La Organización Panamericana de la Salud (OPS) -organismo especializado en salud de la Organización de Estados Americanos y Oficina Regional para las Américas de la Organización Mundial de la Salud (OMS)- presentó sus Informes Anuales de País 2025. Bajo el lema “Hacer de la salud un compromiso para todas las personas”, estos documentos recogen los principales resultados de la cooperación técnica, evidencia de impacto, experiencias desde el terreno y acciones adaptadas a las prioridades y contextos de cada país.
Con más de 120 años de historia -fue la primera agencia sanitaria multilateral, creada en 1902-, la OPS cuenta con 35 Estados Miembros, 27 representaciones en los países, dos centros especializados y más de 180 centros académicos colaboradores. Su labor se basa en ser un intermediario honesto, un socio de preferencia, y poner énfasis en los países con cooperación técnica centrada en sus necesidades.
En la presentación de los informes, el director de la OPS, Jarbas Barbosa da Silva Jr., reflexionó: “Al mismo tiempo que abordamos los desafíos estableciendo ajustes institucionales, se alcanzaron logros relevantes en materia de salud que evidencian el valor de la solidaridad regional y la resiliencia colectiva”. Destacó la ampliación del acceso a tecnologías esenciales a través de los Fondos Rotatorios Regionales, el fortalecimiento de la salud digital, la atención primaria y la salud mental, y los avances hacia la eliminación de más de 30 enfermedades priorizadas para 2030.
Cuba: logros y hitos en 2025
El informe de Cuba, presentado por el representante de la OPS/OMS en el país, Mario Cruz Peñate, subraya que, aun en un contexto económico complejo, se alcanzaron hitos relevantes. Entre ellos: la introducción de la vacuna contra el VPH en el Programa Nacional de Inmunización para niñas de nueve años, con apoyo financiero de GAVI y acompañamiento técnico de la OPS. Hasta diciembre de 2025 se aplicaron 41022 dosis, con una cobertura del 76,6 por ciento.

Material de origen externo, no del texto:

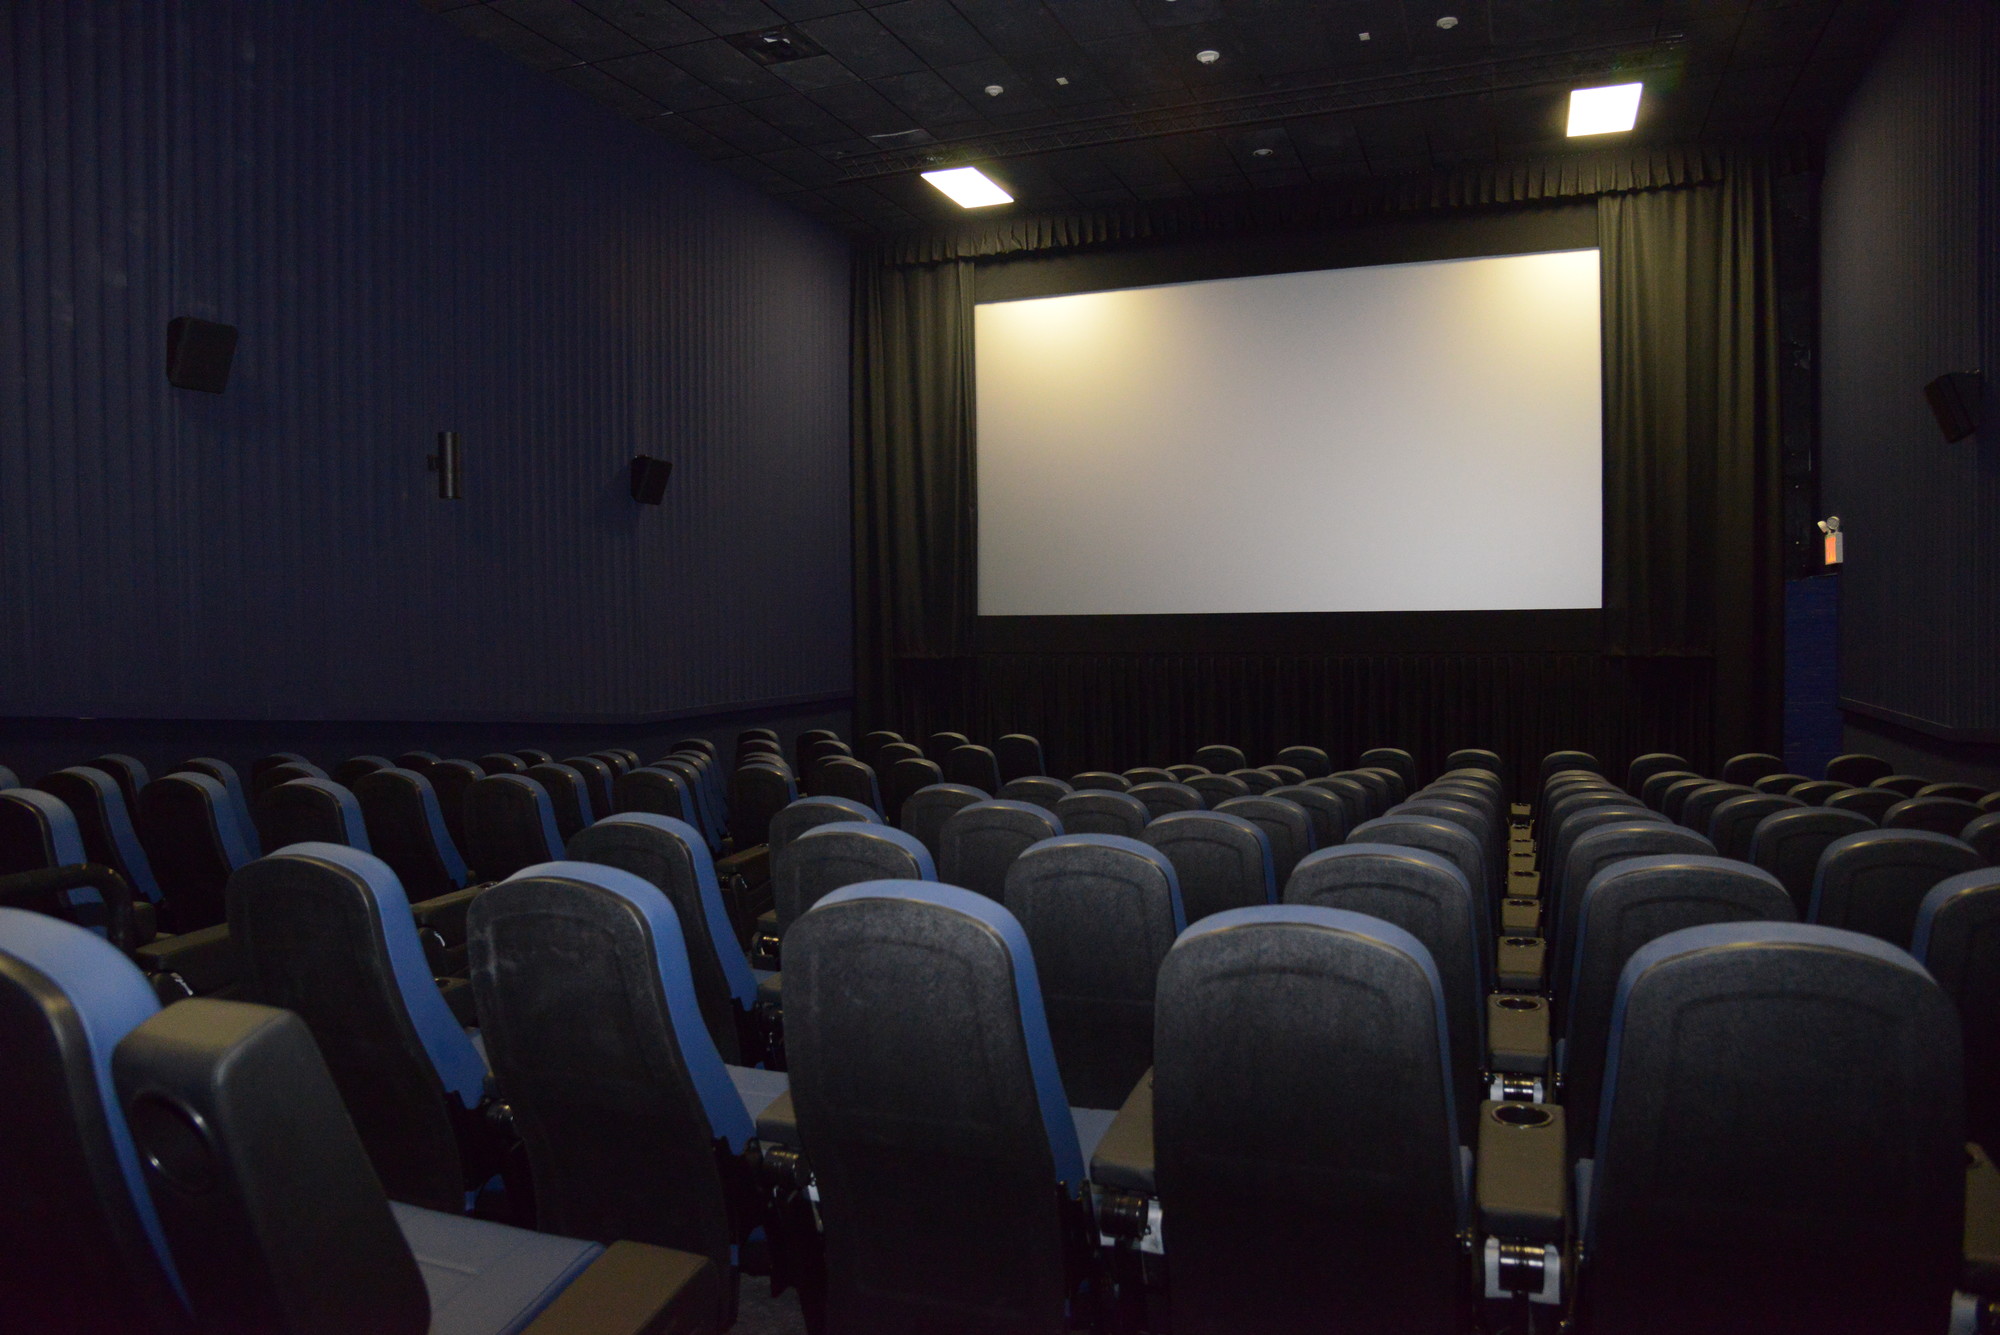 Long Beach Cinemas is expected to reopen on Friday, and the renovations include new movie screens and leather seats. The theater will also offer reserved seating and ticket kiosks.

Otro de los hitos fue la activación por primera vez en Cuba del mecanismo de Acción Anticipatoria del Fondo Central de Respuesta a Emergencias de la ONU (CERF) ante el huracán Melissa, que aportó USD 440000 para proteger servicios de salud. La OPS también movilizó otros USD 700000 del CERF, junto con aportes de ECHO, el Gobierno de Corea, la Iglesia de Jesucristo de los Santos de los Últimos Días y Global Links.

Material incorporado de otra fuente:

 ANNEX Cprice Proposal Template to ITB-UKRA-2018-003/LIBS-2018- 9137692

De igual forma, se logró la adquisición de más de 9300 kg de medicamentos (incluidas vacunas) a través de la OPS, priorizando fármacos para tuberculosis, hepatitis C y más de diez vacunas; la actualización del Plan Estratégico Nacional de Enfermedades No Transmisibles; el fortalecimiento de la comunicación de riesgos mediante un proyecto de cooperación con México; la consolidación del enfoque “Una sola salud”, con proyectos como SAT-DENCLIM (alertas tempranas de dengue) y la incorporación de Cuba al Marco de Preparación para una Influenza Pandémica de la OMS y el apoyo a la V Convención Internacional Cuba Salud 2025, donde la OPS fue patrocinador estratégico.

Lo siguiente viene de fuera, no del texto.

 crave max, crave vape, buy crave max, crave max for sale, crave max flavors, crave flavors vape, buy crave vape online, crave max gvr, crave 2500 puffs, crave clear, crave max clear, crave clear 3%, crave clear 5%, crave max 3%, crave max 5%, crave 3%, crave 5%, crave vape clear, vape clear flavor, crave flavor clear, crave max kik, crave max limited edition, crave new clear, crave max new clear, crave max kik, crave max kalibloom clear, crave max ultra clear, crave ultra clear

Historias desde el terreno
El informe incluye relatos comunitarios que ilustran el impacto de la cooperación. En el barrio Jesús María de La Habana Vieja, líderes vecinales participaron en el sistema de alerta temprana para el dengue SAT-DENCLIM. Adolescentes de Las Tunas y Granma fortalecieron sus conocimientos en salud sexual y reproductiva a través de talleres apoyados por la OPS y la Agencia Española de Cooperación Internacional. Y en la escuela primaria Rafael María de Mendive, Chanel Ramos fue la primera niña en recibir la vacuna contra el VPH, acompañada por su madre, quien destacó: “Prevenir el cáncer cervicouterino es fundamental”.
Socios estratégicos
La OPS destaca la colaboración en Cuba con el Ministerio de Salud Pública, la Agencia Española de Cooperación, GAVI, la Unión Europea, el Gobierno de Australia, el Gobierno de Corea, Global Links, la Iglesia de Jesucristo de los Santos de los Últimos Días, OCHA y el CERF, entre otros.
Más allá de los números y los hitos, estos informes anuales representan una herramienta fundamental de rendición de cuentas y transparencia. La OPS no solo documenta lo que hizo, sino también cómo lo hizo: en diálogo permanente con los gobiernos, las comunidades y los socios estratégicos. Cada página refleja el valor agregado de una cooperación técnica que se construye desde las necesidades reales de cada territorio. En un escenario regional marcado por desigualdades persistentes y amenazas sanitarias emergentes, disponer de registros claros, verificables y adaptados a cada contexto no es un lujo: es una condición para aprender, corregir y avanzar.